Catanoso also says he wanted to make sure all the applications and services critical to serving 19 million veterans each day were available to employees and members. When problems arise, he says he wants the fastest possible time to resolution, including accelerating root-cause analysis—and automating the steps involved in incident response and maintenance as much as possible.
No More Coffee Breaks
Catanoso said gains in productivity and operational efficiency have allowed him to reallocate IT staff in ways that support the VA’s mission more directly, rather than spending time on repetitive tasks. Furthermore, he said the improved performance of the systems and applications used by employees has dramatically increased.

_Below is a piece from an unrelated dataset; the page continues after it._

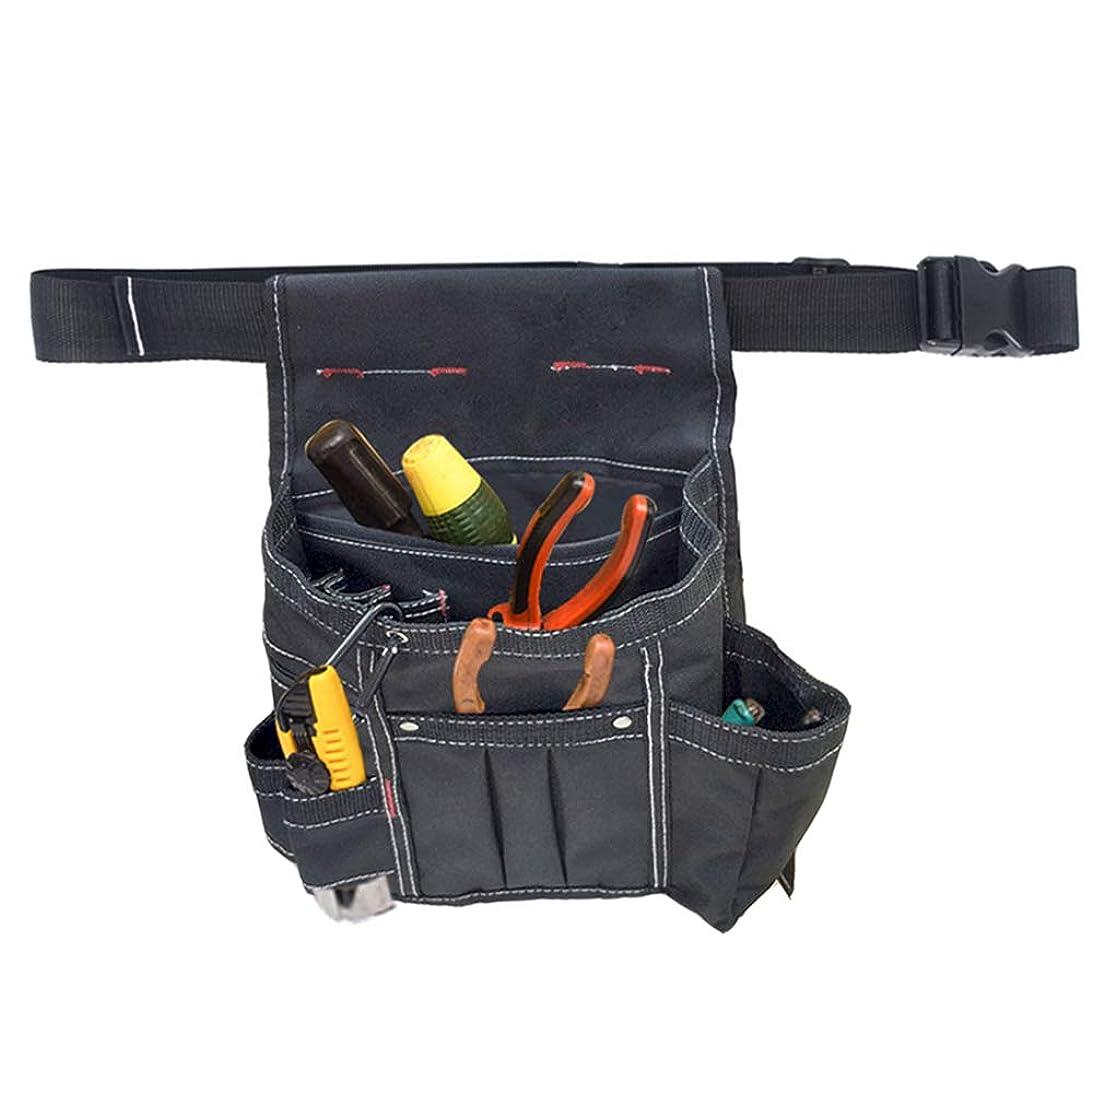 平らな暗いライオン腰袋 ウエストバッグ 電工袋 ツールポッチ 釘袋 工具差し 電工道具袋 作業用 ホルダー ベルト付き (ブラック)

In one colorful example of the productivity improvements the VA achieved by using SL1 to diagnose and fix performance issues, Catanoso describes how some large documents were slow to download before AIOps.
“Pre-migration we had download speeds of two to three minutes, and even more for 100-megabit documents. But we were able to optimize that to get it down to sub-one-minute download speeds for those same size documents, dramatically increasing the performance of the claims adjusters that use that system,” he says. In fact, the speed was so much faster, “They needed to retrain them not to take a coffee break when the document was downloading,” Catanoso laughs.
Measure Twice, Cut Once
“Our enterprise IT infrastructure team basically pulled off what I would consider a technical miracle given how fast we were able to migrate those documents over and get it up and running without losing any data, and without any major downtime,” he adds.
With the VA’s initial cloud migration sprint over, Catanoso says they are back to the crawl, walk run approach, tackling the essentials of IT transformation with SL1 monitoring and managing behind it all, including:
- Tools consolidation into a single platform;
- Complete enterprise discovery; and
- Real-time CMDB population and synchronization.
“Now we’re starting our pivot, at the crawl phase, integrating ScienceLogic with ServiceNow, and our APM tools, and getting a data lake built,” he says. “Once we get into walk and run, we’ll tackle advanced event correlation, response automation, incident detection, and prediction. We want to take our time and get it right upfront. Measure twice, cut once. We’ve got a vast amount of data to collect, and systems to monitor.”
And, ScienceLogic will be there to support the VA just like the VA is there to support our nation’s veterans.